Tuesday, July 19, 2011

Brian’s Reflection: Wednesday, July 20, 2011


Often have I wondered with much curiosity as to our
coming into this world and what will follow our departure.



Petrarch, poet and scholar; he was born at
dawn, on la Via del Giardino, Arezzo, 1304


Haven’t we all!

Some think they have it all locked down, whether it’s golden streets or the bosom of Abraham (who says you have to be a Christian to get to Heaven?!) or golden harps on cloudy cushions. I may have entertained such glitzy ideas of Heaven when little, though I have to say that I remember very little being said in Presbyterian Sunday School about Heaven. But from my teens on I seem to have understood that “Heaven” was a metaphor for being gathered into the arms of Love, being safe, free from any lasting burden of sorrow and suffering.

Just when I came to understand that that state was a creation of the Imagination, that there were many such imaginings, and that they were a sublime method for coping in this Earthly Life, creating hope and trust and the courage to grasp hold of Life and live it as freely as possible, I don’t know. It wasn’t by study, of that I’m sure. It came by a subtle seeping into my Being of some mysterious working of the Universe. I now believe that it came at my conscious and unconscious bidding ….. the bidding of a young man needing an anchor that would “hold in the storms of life”. Somehow I knew I was going to have a struggle!

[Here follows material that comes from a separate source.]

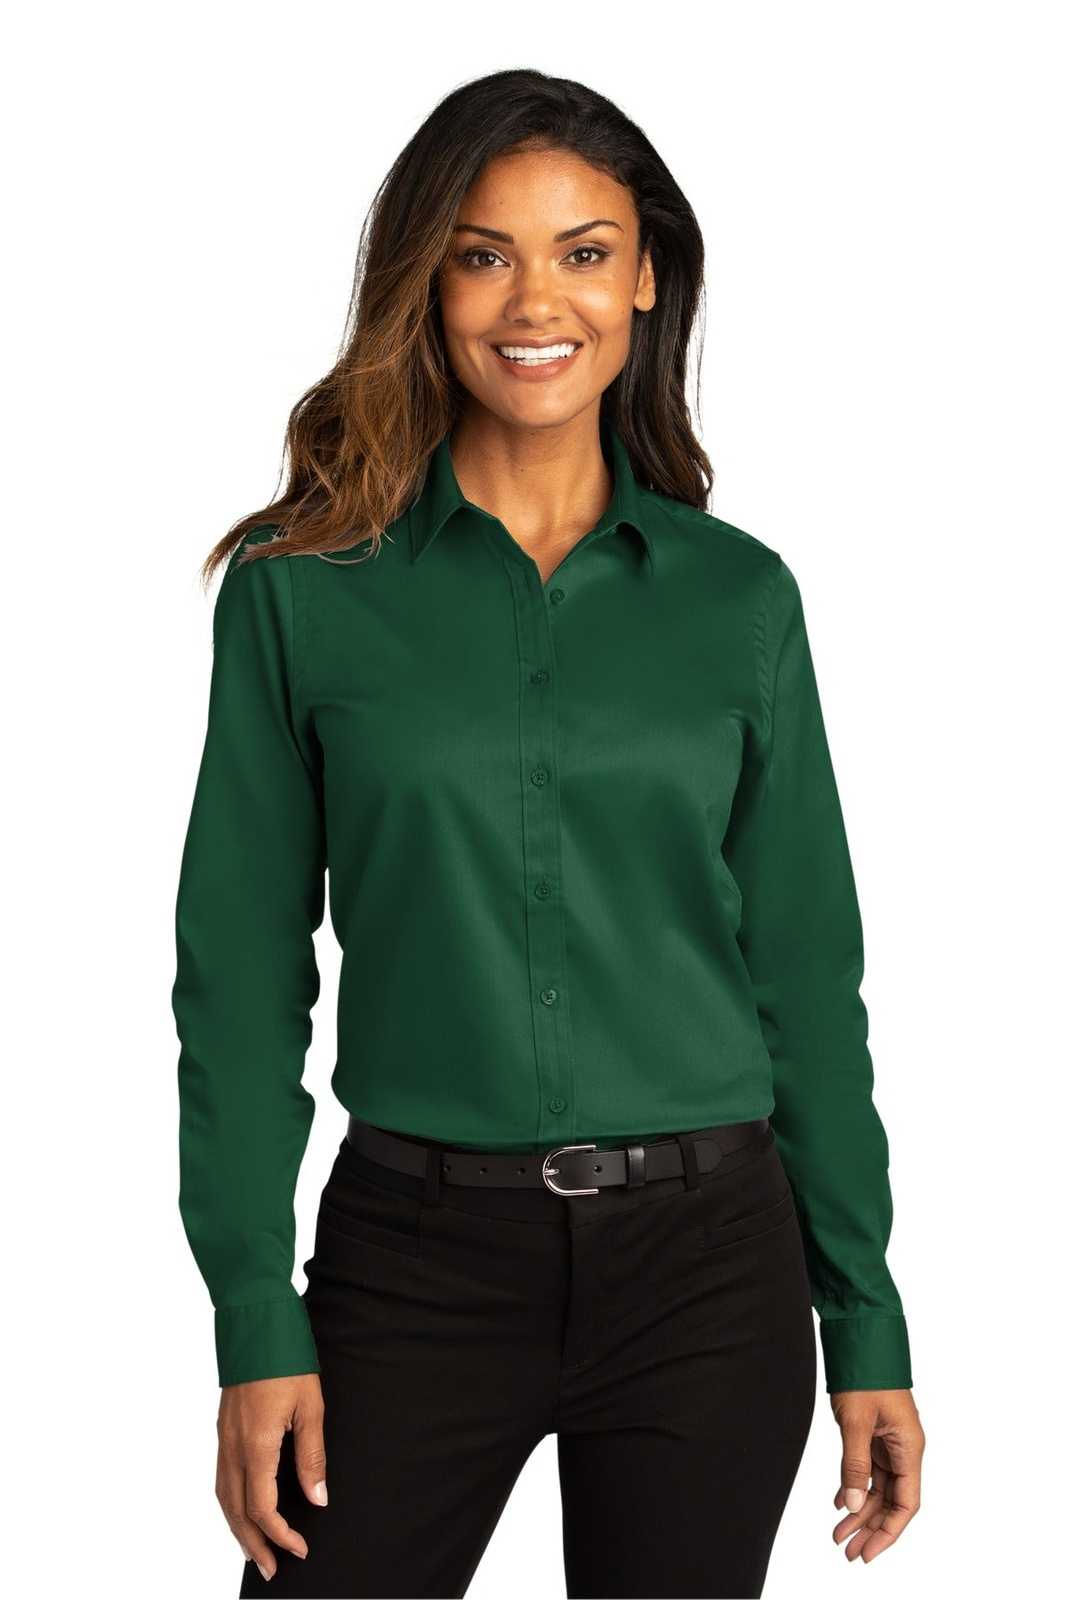 Port Authority LW808 Ladies Long Sleeve SuperPro React Twill Shirt - Dark Green - HIT a Double - 1

If there is a Heaven, it is, now to my mind, frosting on the cake. I hold in my heart, mind, body and spirit its promises – the same promises I heard told of in my childhood: unconditional love, joy, peace, delight, a welcome into the eternal community of Life.

These are the tools I need to live this earthly Life, tools that banish discouragement and fear. When I die, I will need them no more. Yet, I stay open to the Mystery of what yet may be revealed.

Brian+

p.s. We lift a glass to Neil Armstrong, on the 42nd anniversary of his being the first human being to set foot on the Moon.